I strongly suggest we make use of those features as well, so that we could have a structured outline of the document (aka. bookmarks) and be able to set the file's Title, Author, Subject, etc fields. Adding metadata is a great way to make PDFs discoverable in search engines, and is also handy for licensing and/or copyright violation detection etc. And esp. the outline/bookmarks metadata has been requested by users multiple times.

This https://bobbielf2.github.io/blog/2017/04/11/preserve-the-table-of-contents-when-converting-a-book-from-djvu-to-pdf/
shows how someone did this for djvu conversions.

These elements are not currently part of the acceptance criteria, so either we should amend those, or we could create separate tickets for those.

Tgr added a subscriber: Tgr.Aug 29 2017, 8:26 PM

Yeah, outline/metadata would be nice. It's fairly easy to do (8.2.2 of the PDF spec has the details, but basically just build a tree structure of the ToC), much easier than generating document content.

Any plans on (eventually) making this into something that's generally useful for people post-processing Chrome PDF renderings (whether generated by Extension:Collection or not) and submitting as a pypi package? That would simplify installation and updates as it could simply be managed as a system (or virtualenv) package via pip. Plus it would maximize 3rd-party impact.

Yes, definitely, these are great suggestions and I think we should add these features over time. Creating a PyPI package sounds good too. I still need to figure out how to make the new table of contents links clickable that point to the rest of the PDF headings. Also, the approach with adding page numbers needs some more thinking. There are other improvements that we need to make, but in general, the current iteration can be used for our purposes with slight modifications.

Tgr added a comment.Aug 29 2017, 11:15 PM

It might be easier to keep the HTML TOC and only add in the numbers (mostly because that allows easy redesigning of the TOC via CSS), but if you want to do it by hand, you need to add a link annotation (see spec) with the exact same position as the text box. Which is hard if you generate the TOC from HTML in Python, since you probably don't have access to that position.

That's what I'm doing. Even after that, the links are gone when I insert the TOC PDF into the book PDF.

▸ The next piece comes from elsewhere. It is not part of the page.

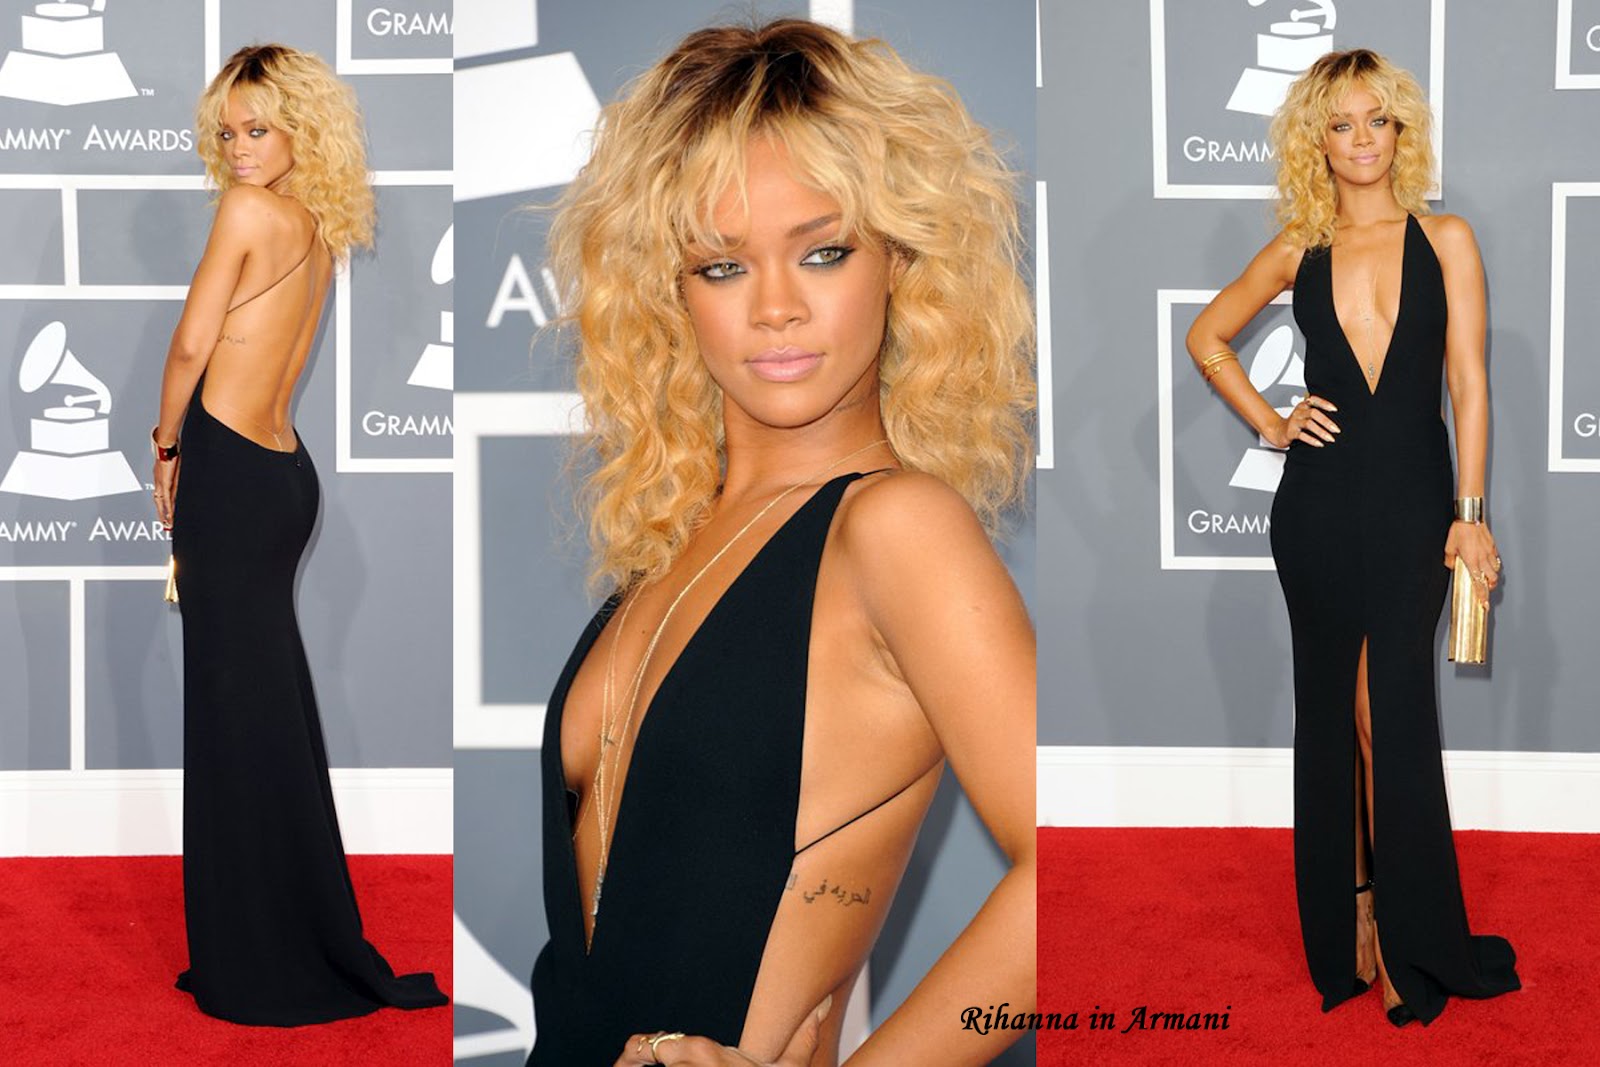 http://1.bp.blogspot.com/-uGwz9_W6oQ0/Tzh14_hcxII/AAAAAAAAEfs/AUT4i4TphRo/s1600/Rihanna+Grammy2012.jpg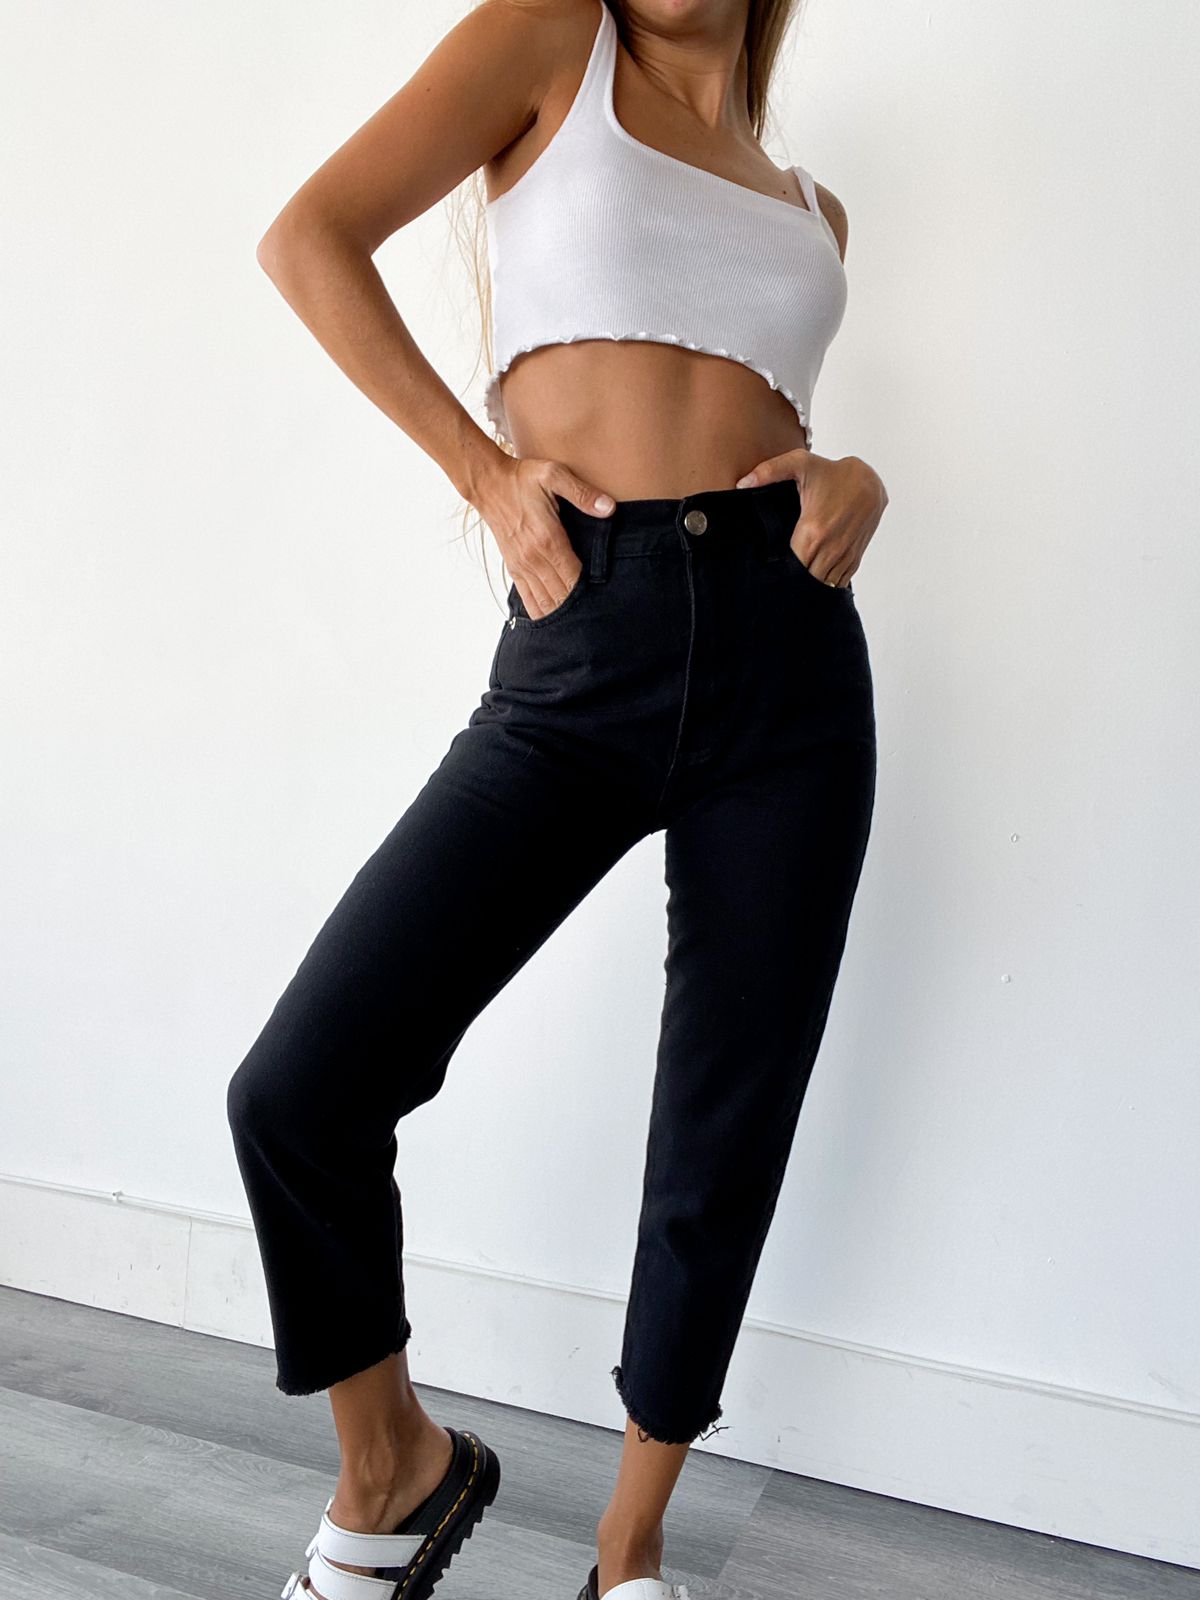 Prana High-Rise Skinny Jean #FlatteringFit OUTLET

TheDJ updated the task description. (Show Details)Aug 30 2017, 11:05 AM
ovasileva moved this task from Triage to Current Sprint on the Proton board.Aug 30 2017, 5:00 PM

I've added the ability to generate metadata and outlines. I still need to clean up some stuff, but the output is looking good.

I'm getting a little confused now. https://gerrit.wikimedia.org/r/#/c/361453 also adds a table of contents. Is whether this happens in Python or PHP still up for discussion or is the PHP table of contents output used by the Python script?

I can't really commit to reviewing and reading through and understanding the Python script right now, I have my work cut out understand all the PHP code :/

Yes, we'll use the table of contents generated by PHP and add page numbers using python by looking at the PDF generated by Electron. No worries about reviewing, I'm trying to give us a head start. I think our goal is to first get concatenation delivered ASAP.

ovasileva moved this task from Current Sprint to Backlog on the Proton board.Sep 6 2017, 6:57 PM
ovasileva moved this task from Backlog to Current Sprint on the Proton board.Sep 11 2017, 11:57 AM
MBinder_WMF removed bmansurov as the assignee of this task.Sep 13 2017, 5:10 PM
ovasileva changed the task status from Open to Stalled.Sep 22 2017, 12:48 PM

Moving out of sprint and marking as stalled until the completion of T176463: [Spike 8hrs] Investigate libraries for post-processing without non-JS dependencies

bmansurov changed the task status from Stalled to Open.Dec 6 2017, 6:45 PM

In T176463: [Spike 8hrs] Investigate libraries for post-processing without non-JS dependencies we found out that no pure JS library can do post-processsing. So we'll keep improving the post-processing script written in Python.

Is this still in scope or is the focus right now to get PDFs generating with as little post-processing as possible?

Jdlrobson updated the task description. (Show Details)Jan 31 2018, 5:52 PM
ovasileva closed this task as Invalid.Apr 9 2018, 2:48 PM

Closing as per T184772#4116906. Pediapress will be taking on rendering of PDF books.